En Pologne, l’histoire de l’avortement n’est pas un long fleuve tranquille.

Jusqu’en 1932, il était illégal, comme à peu près partout dans le monde depuis le Code de Hammurabi (1750 av. J.-C.). En 1932, il est autorisé dans les cas de viol, d’inceste et pour les jeunes filles de moins de 15 ans.

Sous le régime communiste, en 1956, une nouvelle loi l’autorise au motif «des conditions de vie difficiles de la femme enceinte». Le nombre d’avortements légaux dépasse les 100 000 dans les années suivantes.

En 1993, à la chute du régime communiste, une loi restrictive est votée. L’avortement n’est plus autorisé que pour le viol et l’inceste, et pour une malformation grave du fœtus ou un risque pour la vie de la mère. La gauche, à cette époque, tente d’élargir les exceptions aux «situations sociales difficiles pour la mère». Lech Walesa, alors Président de la Pologne, oppose son véto. Le nombre des avortements légaux retombe à moins de 2 000, en diminution continue1.

Lorsque la gauche arrive au pouvoir en 2001, le Président du Conseil, Leszek Miller, ne souhaite pas mettre de l’huile sur le feu. La Pologne est sur le point d’adhérer à l’Europe, et l’Église soutient cette adhésion. Dans les années suivantes, tous les projets d’amendements, dans un sens ou dans l’autre, sont rejetés par le Parlement. La loi de compromis de 1993 semble convenir autant à l’Église qu’aux partis. La bataille se poursuit principalement sur les conditions de l’application de la loi.
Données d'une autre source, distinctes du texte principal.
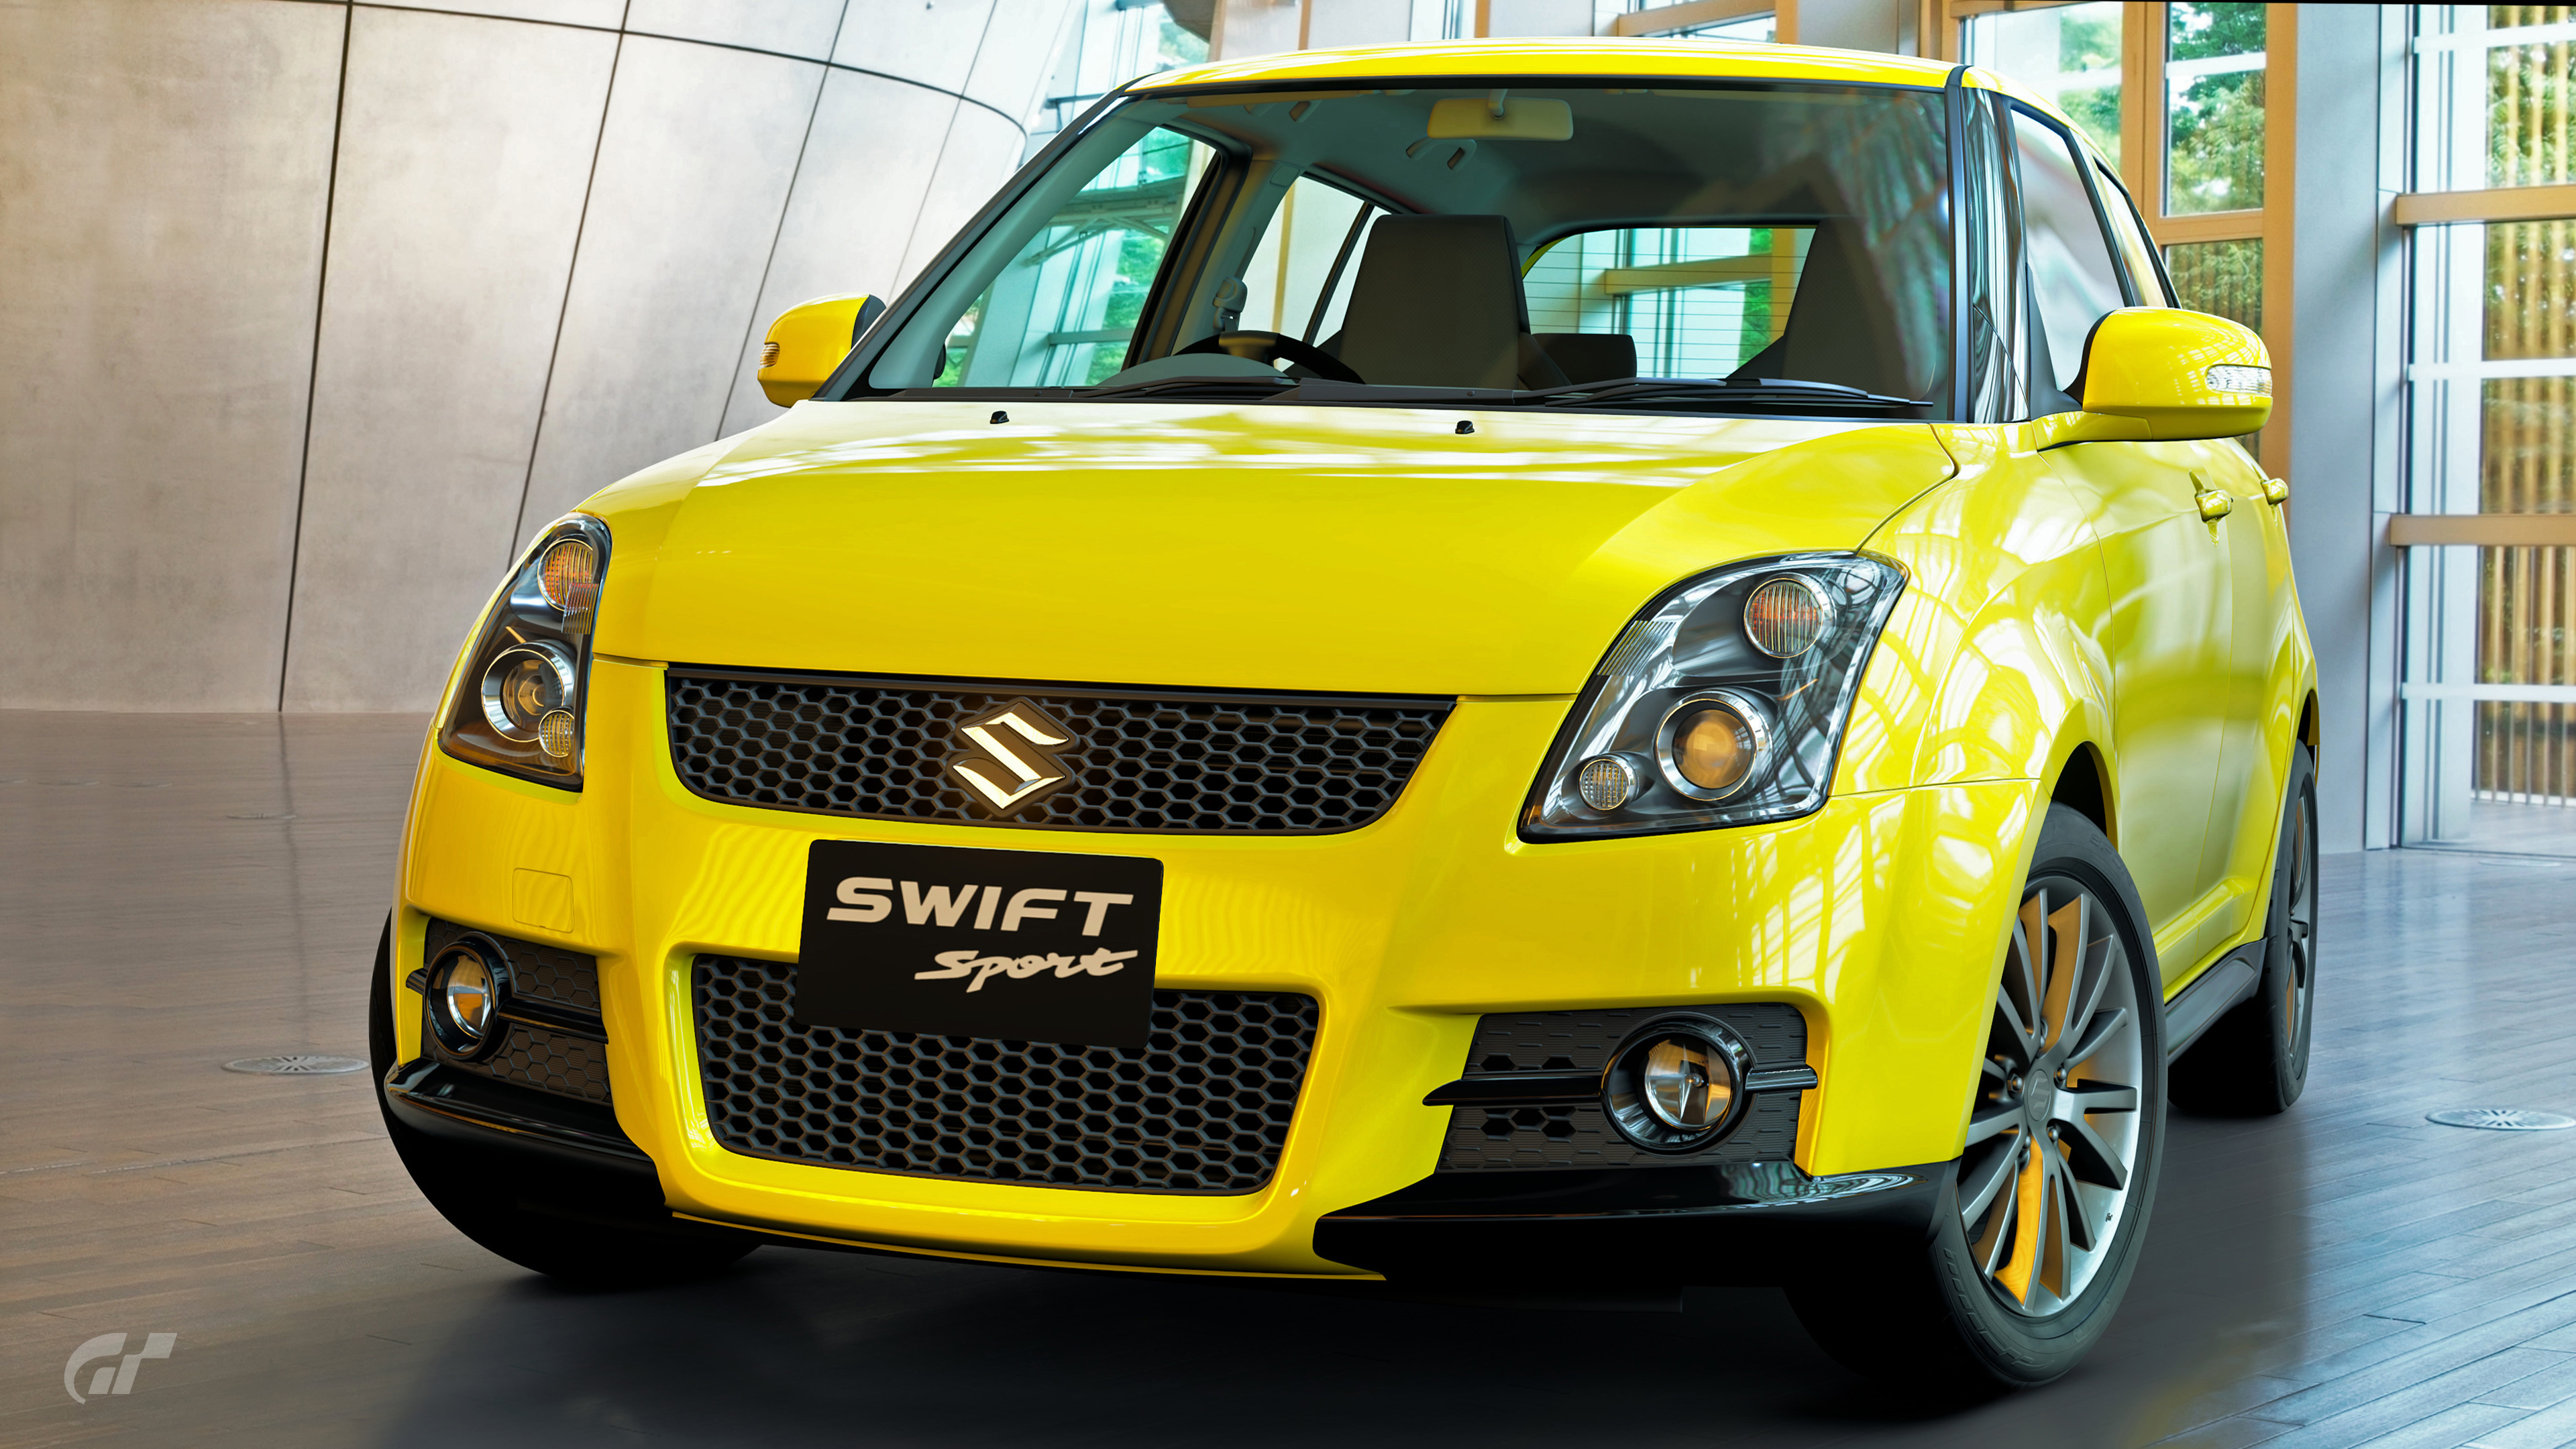 Suzuki Swift, Sporty hatchback, Suzuki Swift Sport, Automotive adventure, 3840x2160 4K Desktop

La question du périmètre légal de l’autorisation légale d’avorter passe au second plan.

Le conflit reprend

Le 23 septembre 2016, cependant, un projet de loi propose à nouveau de réduire les cas où il demeure autorisé. Il le réduit à un seul : la menace pour la vie de la mère. Le 3 octobre suivant, une manifestation de 100 000 «femmes en grève» fait reculer le gouvernement. Le projet est massivement repoussé par le Parlement (352 contre, 58 pour, 18 abstentions). Mais le conflit politique redémarre alors que les conservateurs sont au pouvoir.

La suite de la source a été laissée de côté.